Food for the Flock Devotional 15

October 4, 2017

I’ve been at Good Shepherd for a little over nine months. Recently I’ve heard that there are questions about the practice of Holy Communion at GSLC. I thought it might be helpful to share information about the practice of Holy Communion, the communion ware, and the setting of the table.


You may remember from your Catechism studies Luther determined that there were two sacraments as opposed to seven. A sacrament was a holy act instituted by Jesus as found in scripture. Both Baptism and Eucharist are outward signs of God’s command and promise.

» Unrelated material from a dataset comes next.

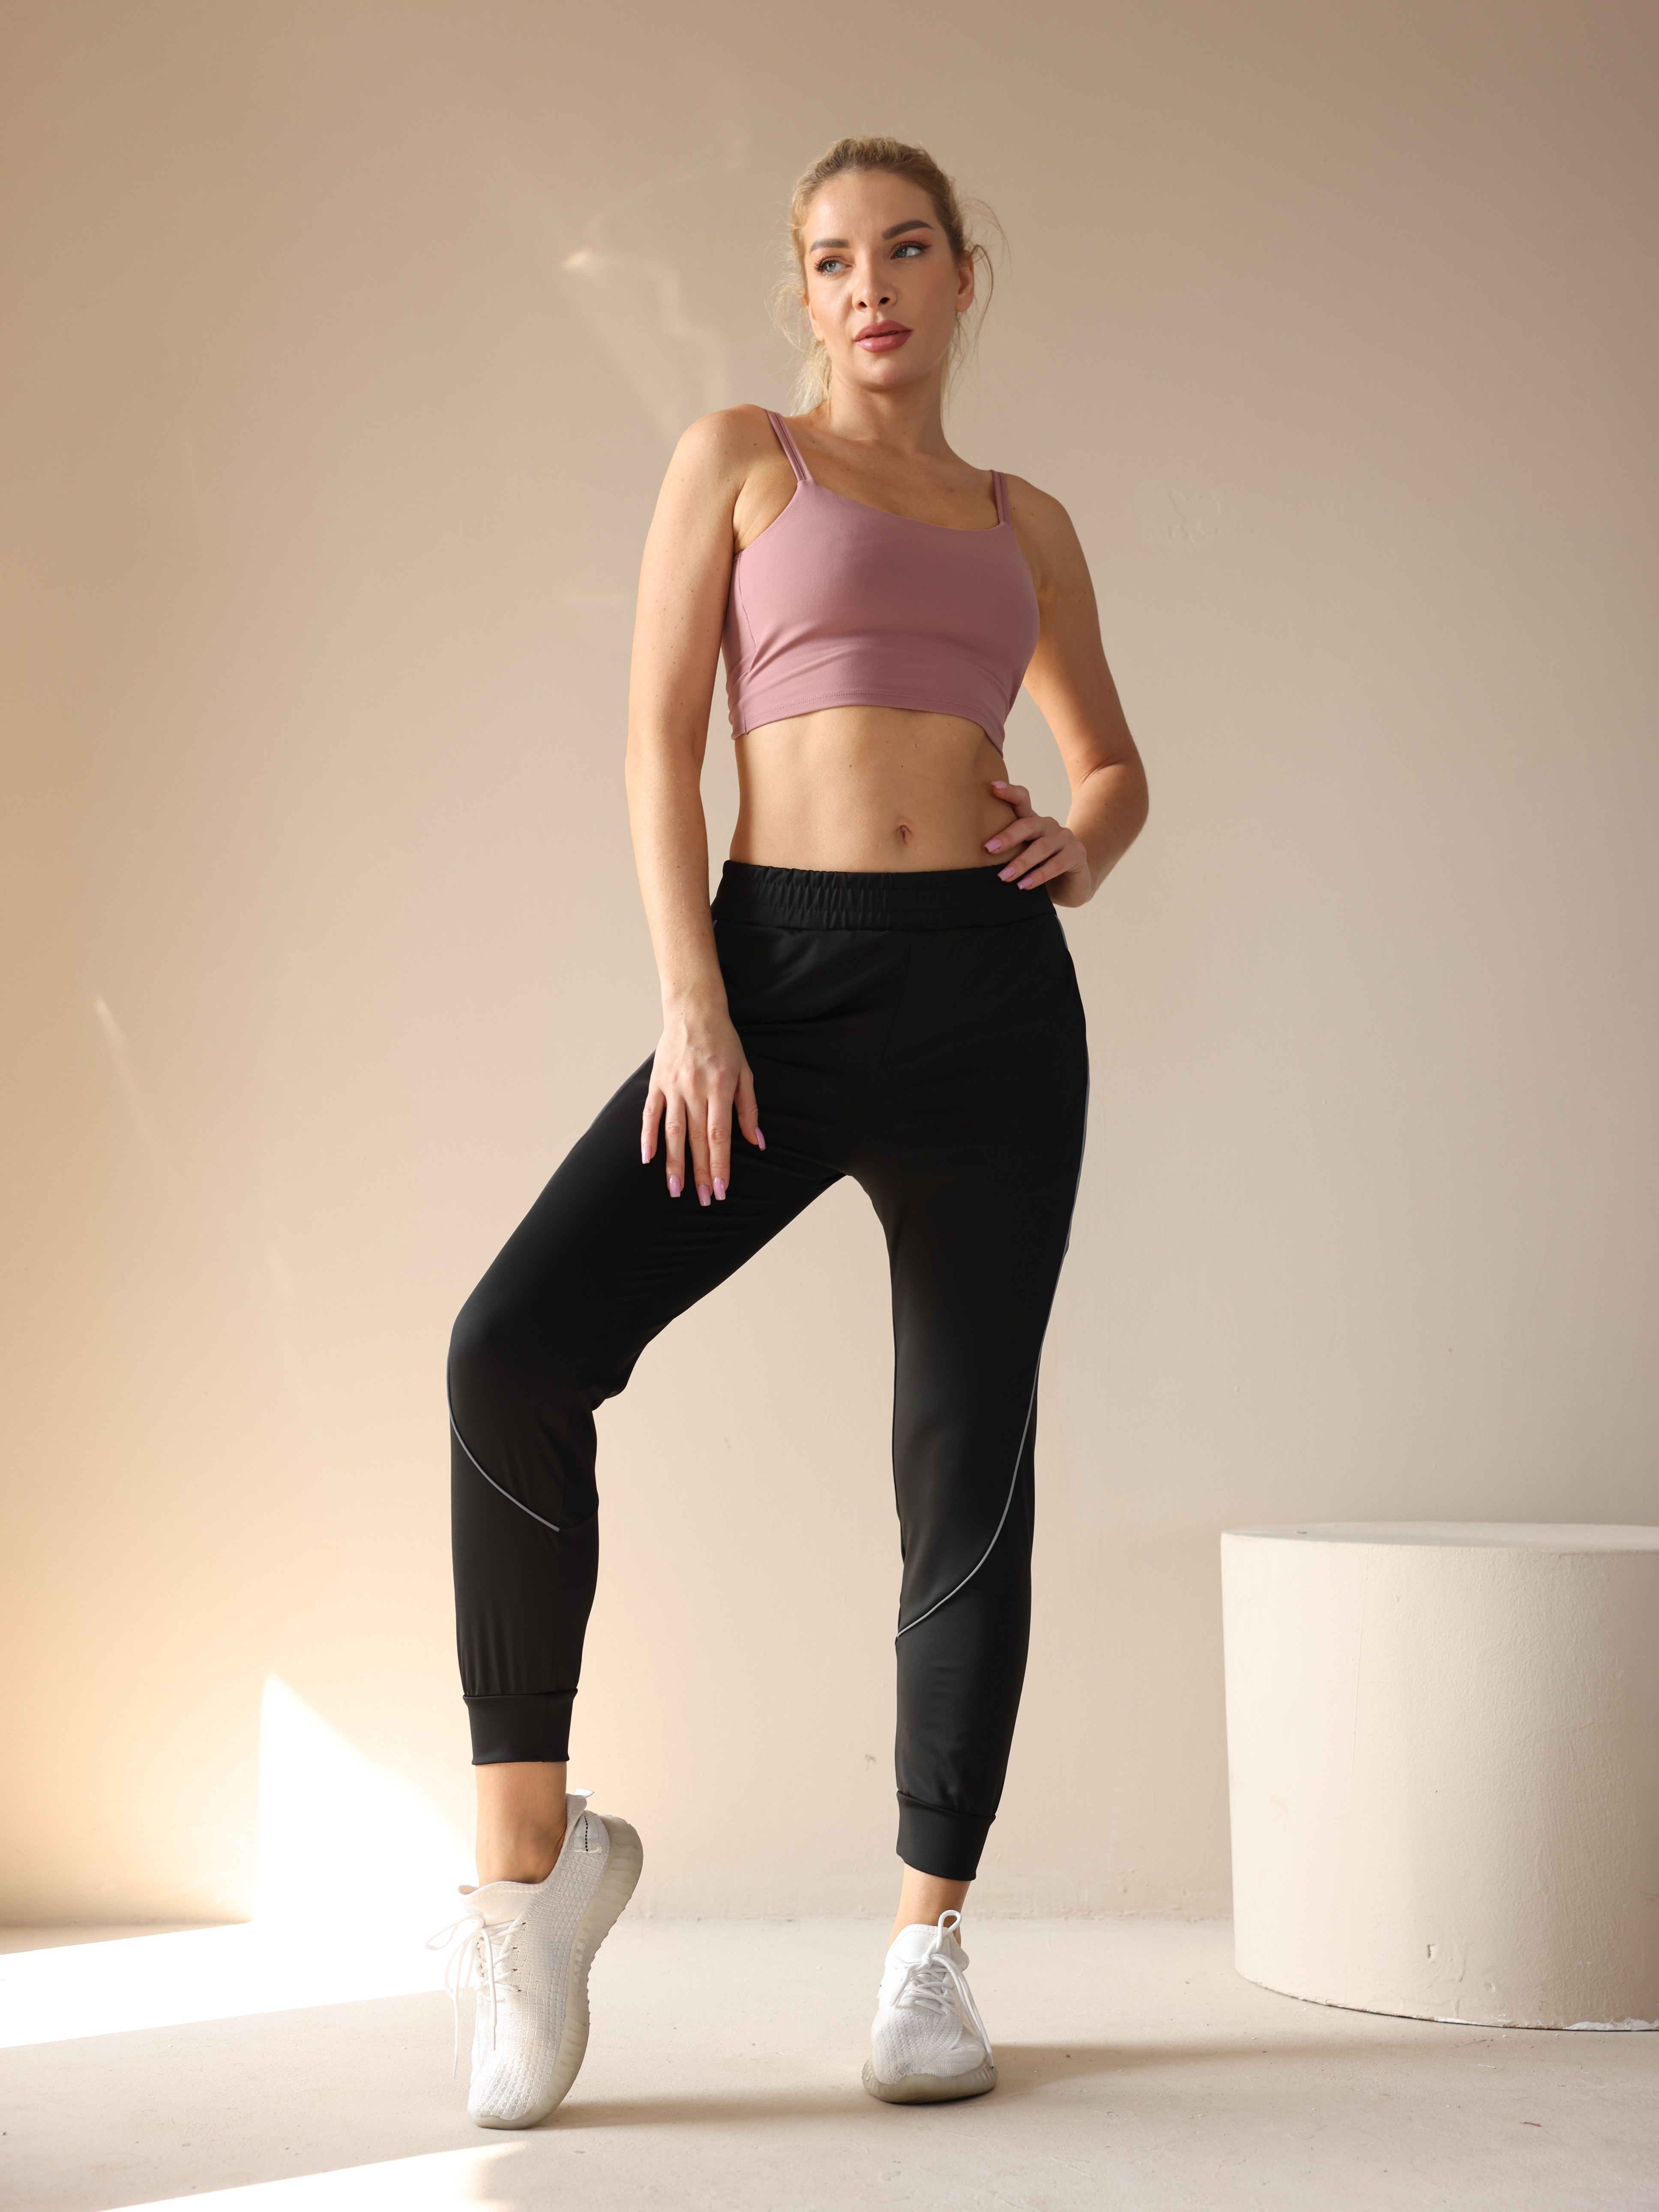 Reflective High Waist Jogger Pants for Women - Perfect for Night Running  and Fitness Workouts

They are signs of divine grace, forgiveness of sin, as well as profession of faith.


The elements of both sacraments are simple and from the earth; water, bread, and wine. All in keeping with what God created as well as basic life sustaining foods of the day. Three of the four gospels record the first time that Jesus shared this holy meal with the disciples. They can be found in Matthew 26:26-29, Mark 14:22-25, and Luke 22:15-20. When these texts are side by side the similarities can easily be seen in the Words of Institution spoken first by Jesus and by the pastor today each time the meal is shared. The promise of forgiveness for each person is repeated as the bread and wine are distributed. “This IS the body and blood of Christ given for YOU”. (The emphasis is mine, but I think the intent is meant to be personal.)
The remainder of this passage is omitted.